-- Opening Marker --

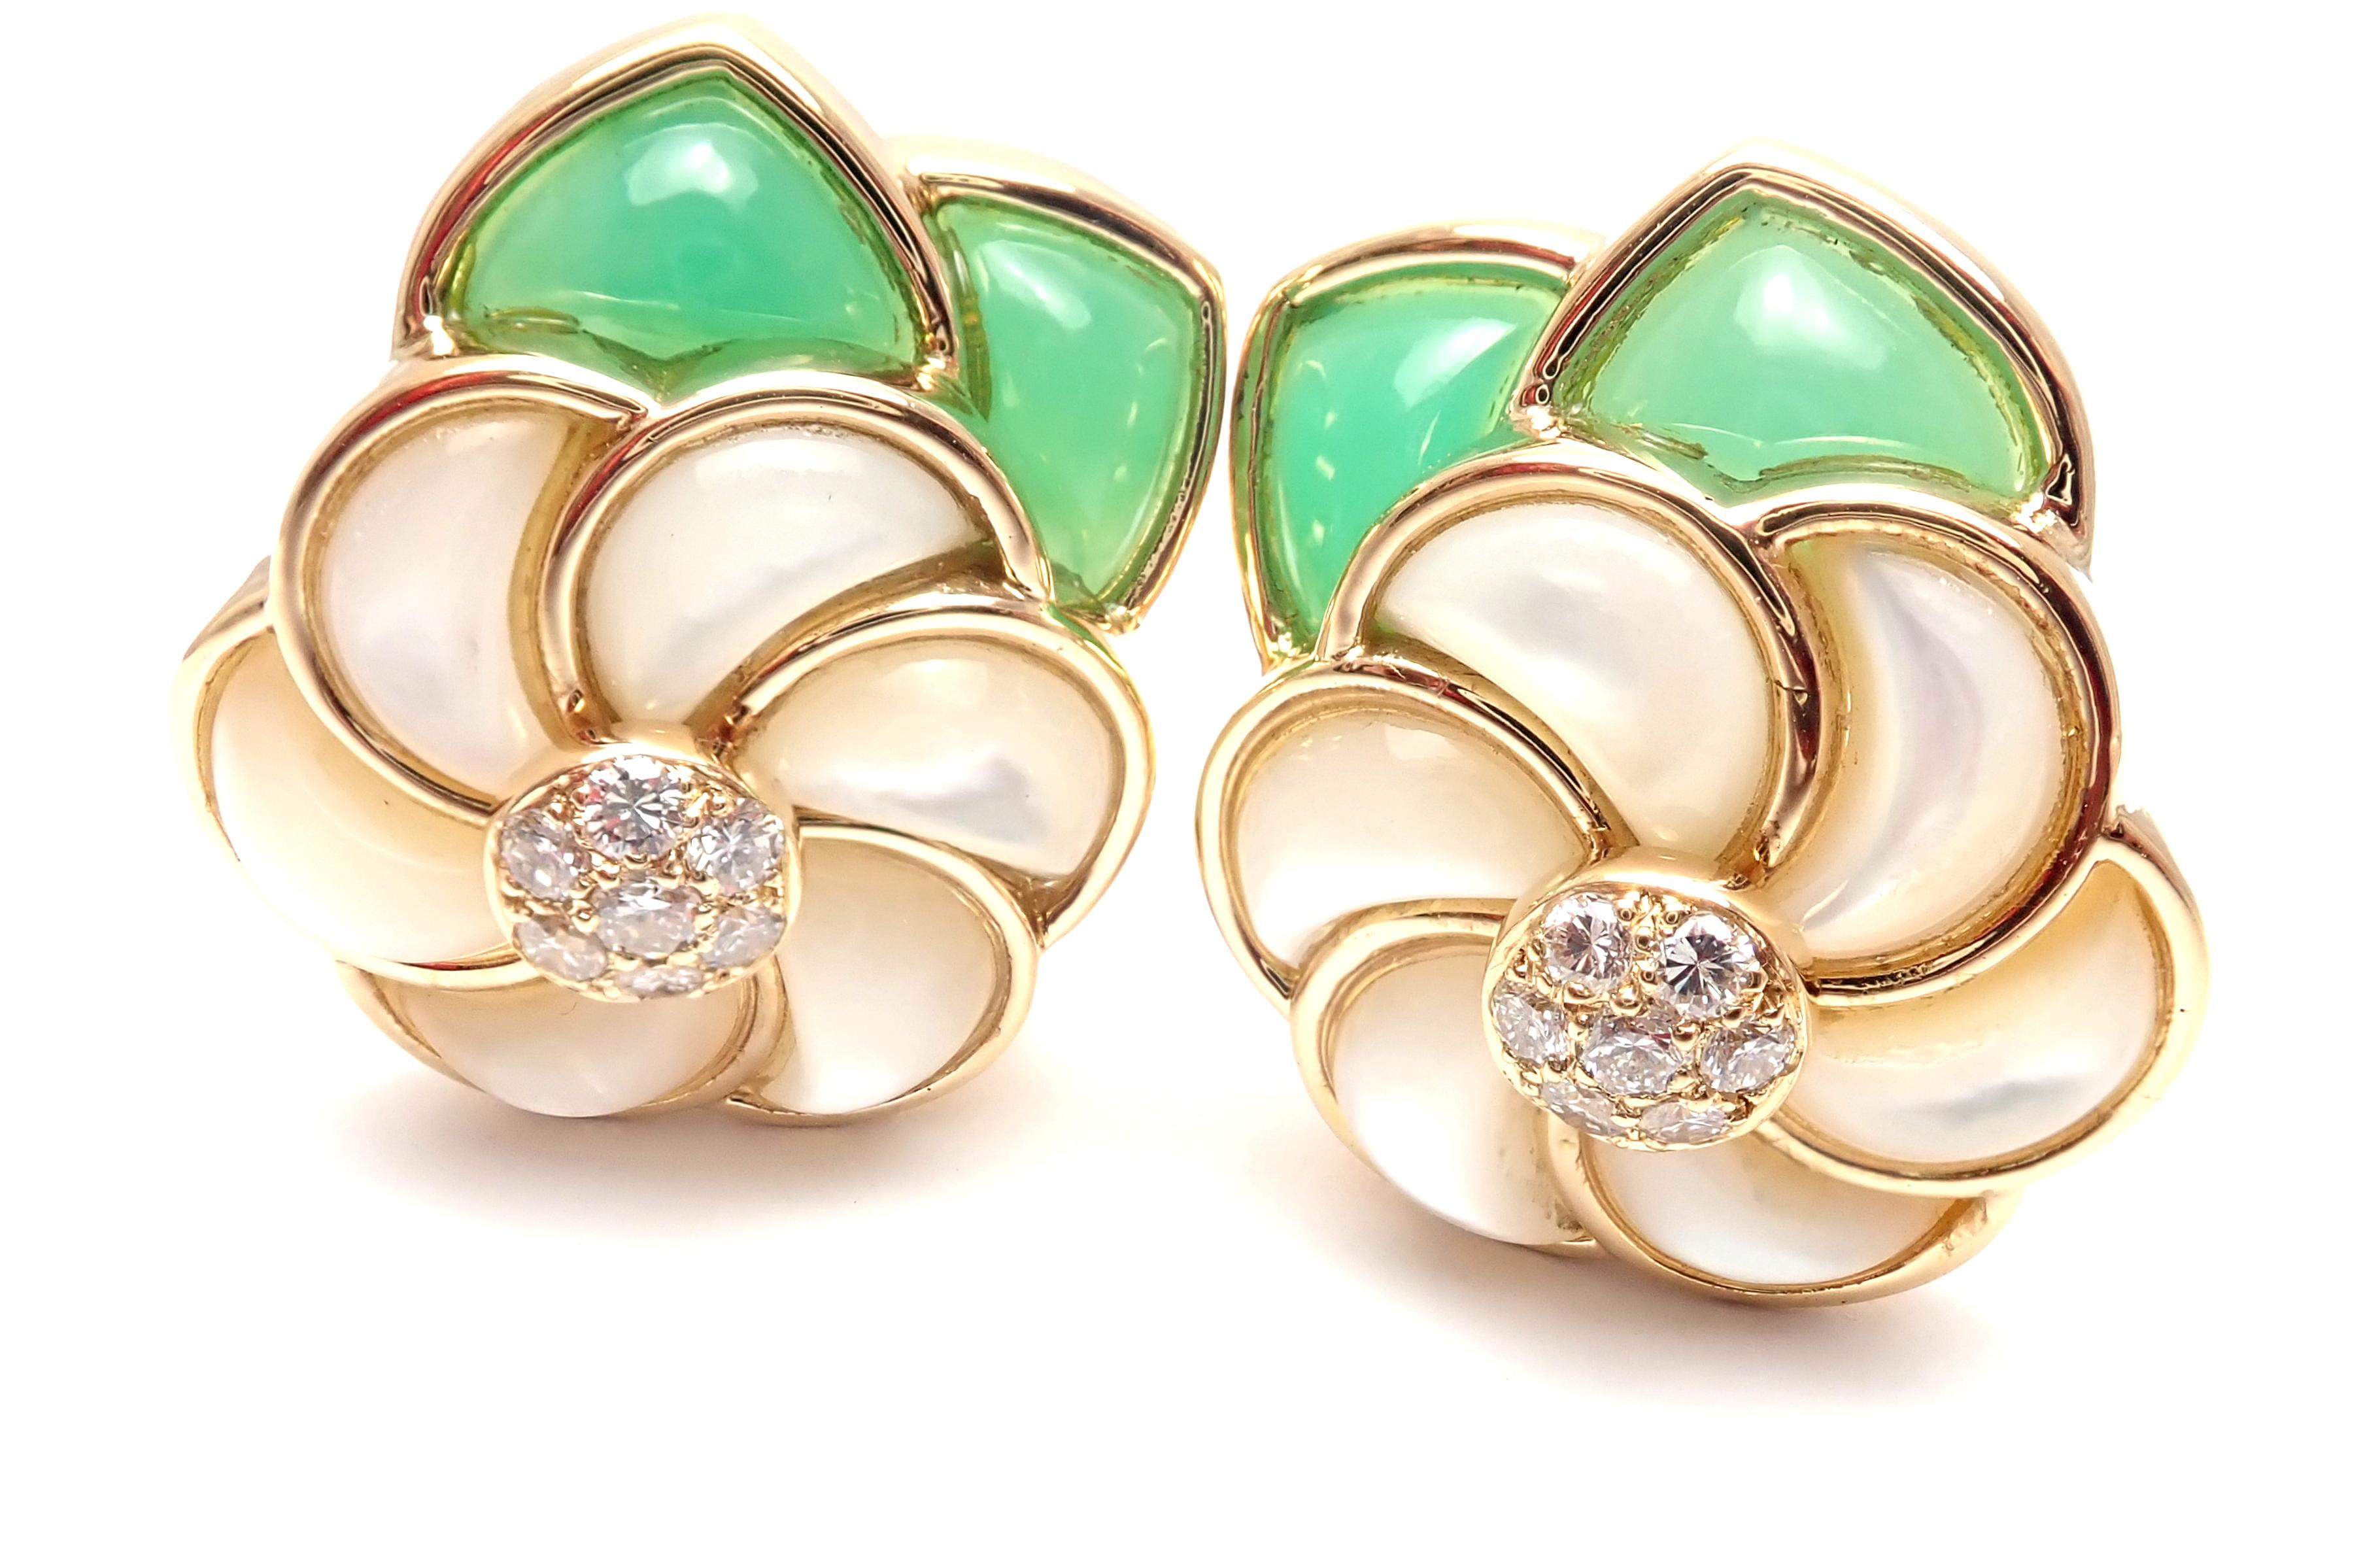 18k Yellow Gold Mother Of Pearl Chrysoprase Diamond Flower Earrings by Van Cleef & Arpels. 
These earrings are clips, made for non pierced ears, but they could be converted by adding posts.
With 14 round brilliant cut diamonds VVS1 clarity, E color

-- Closing Marker --
-- Opening Marker --

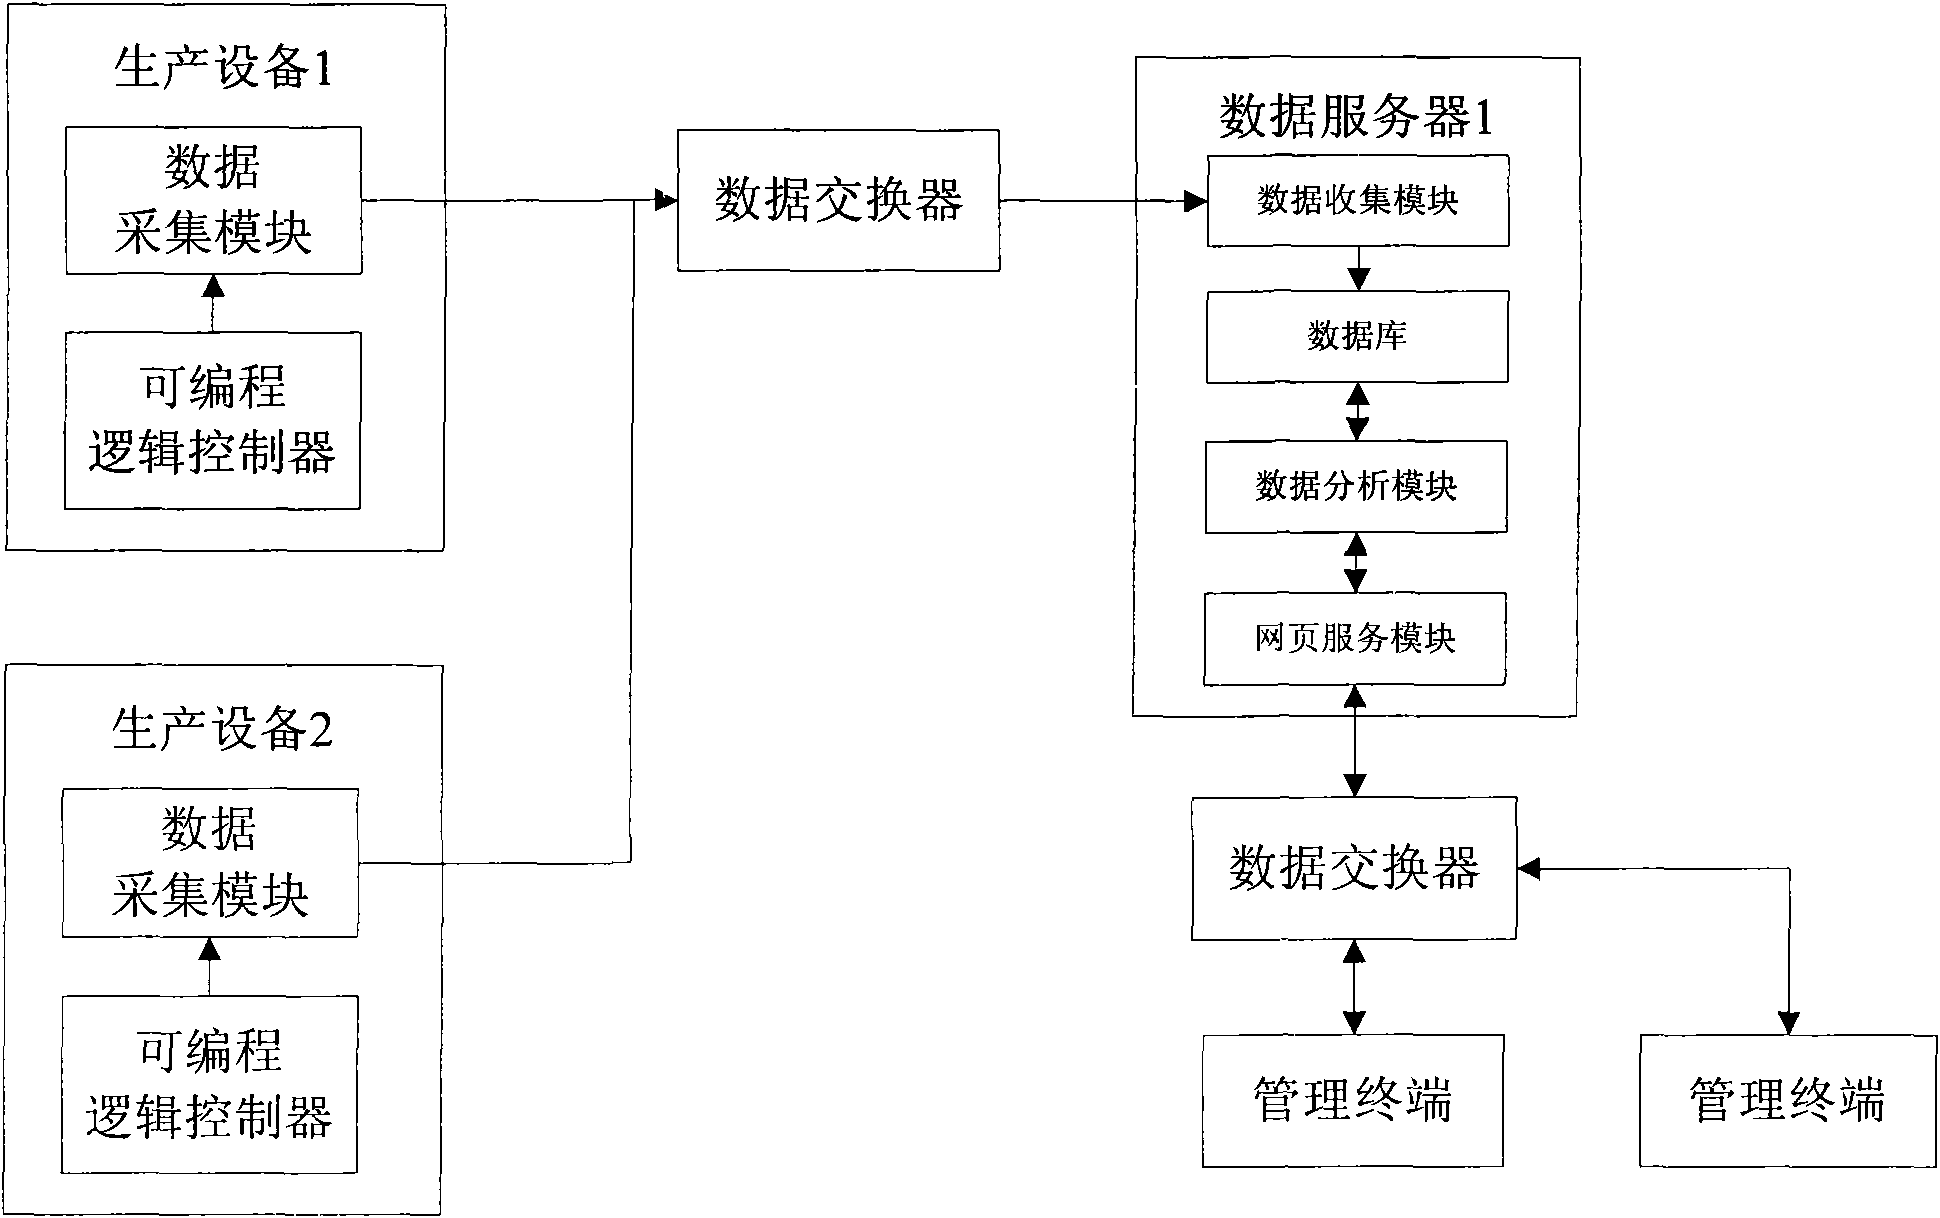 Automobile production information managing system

-- Closing Marker --

▸ ABOUT THIS EXERCISE
Write down exactly the span of lines above from the one containing "These earrings are" to the one containing "With 14 round", both ends included.

▸ RESULT OF THE TASK
These earrings are clips, made for non pierced ears, but they could be converted by adding posts.
With 14 round brilliant cut diamonds VVS1 clarity, E color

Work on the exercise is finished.